Speaking to 500 senior managers, the CIPD found that less than 25 per cent prioritised management innovation, although 80 per cent claimed it was a driver of long-term success. Conversely, 65 per cent were putting their all into product and service innovations.

The study set out to examine how Generation Y employees and Web 2.0 technologies are affecting working life -- and found their influences profound, but managers unsure about how they should react.

A small number of businesses have played around with Web 2.0 tools such as Wikis and social networking sites, but most are hanging back and waiting to see what competitors do first, and the most old-fashioned ban the use of social networking sites like Twitter.

Likewise, companies are equivocal about how they should respond to younger employees. Senior executives recognise that Gen Y employees have different expectations of their working life and want managers to be engaged in their development. But most companies claim they lack the time, tools and experience to work out innovative new programs to manage these challenges.

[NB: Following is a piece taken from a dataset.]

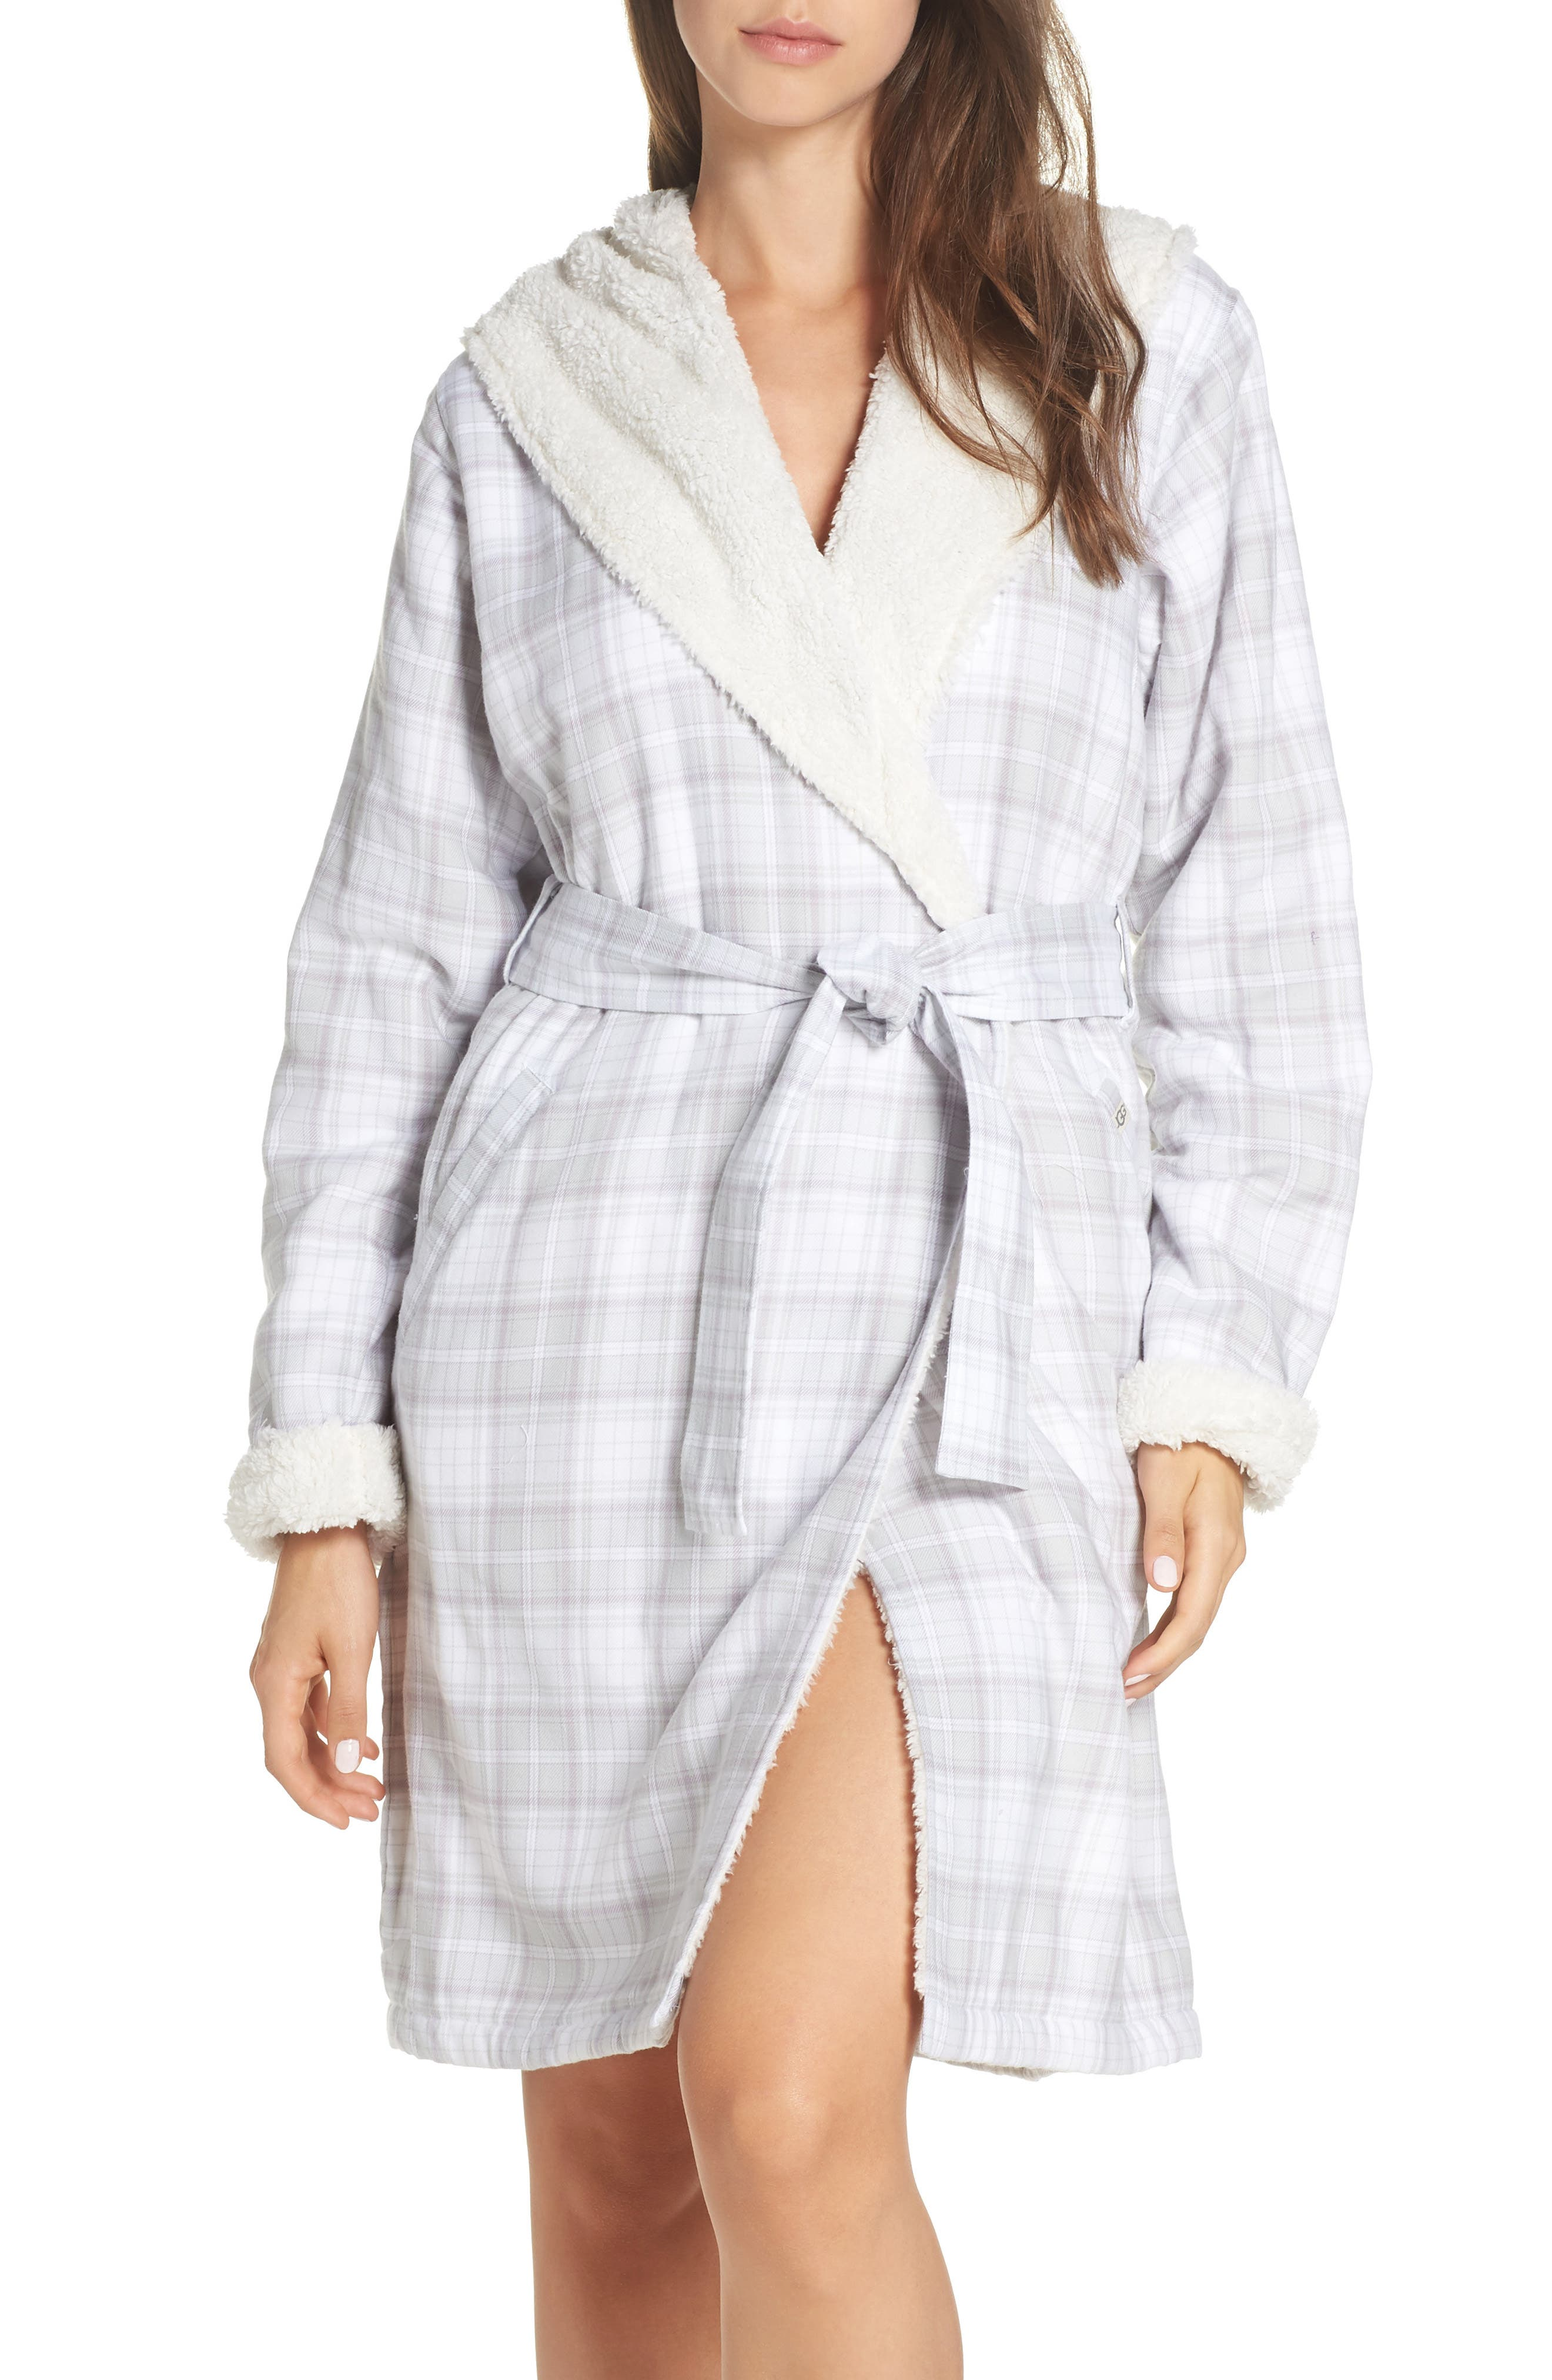 Anika Fleece Lined Flannel Robe,                             Main thumbnail 1, color,                             LAVENDER AURA PLAID

"Pioneers in management innovation attract and retain top employees and they build a capability for change and adaptation," according to Vanessa Robinson of the CIPD.

They will recognise how Web 2.0 tools can help in developing management innovations to fit the new workplace. Says Professor Julian Birkinshaw, deputy dean at the London Business School: "Tomorrow's leading companies will be the ones that actively embrace these exciting tools today -- to find new ways of harnessing their potential and to build deeper levels of trust and responsibility among their employees."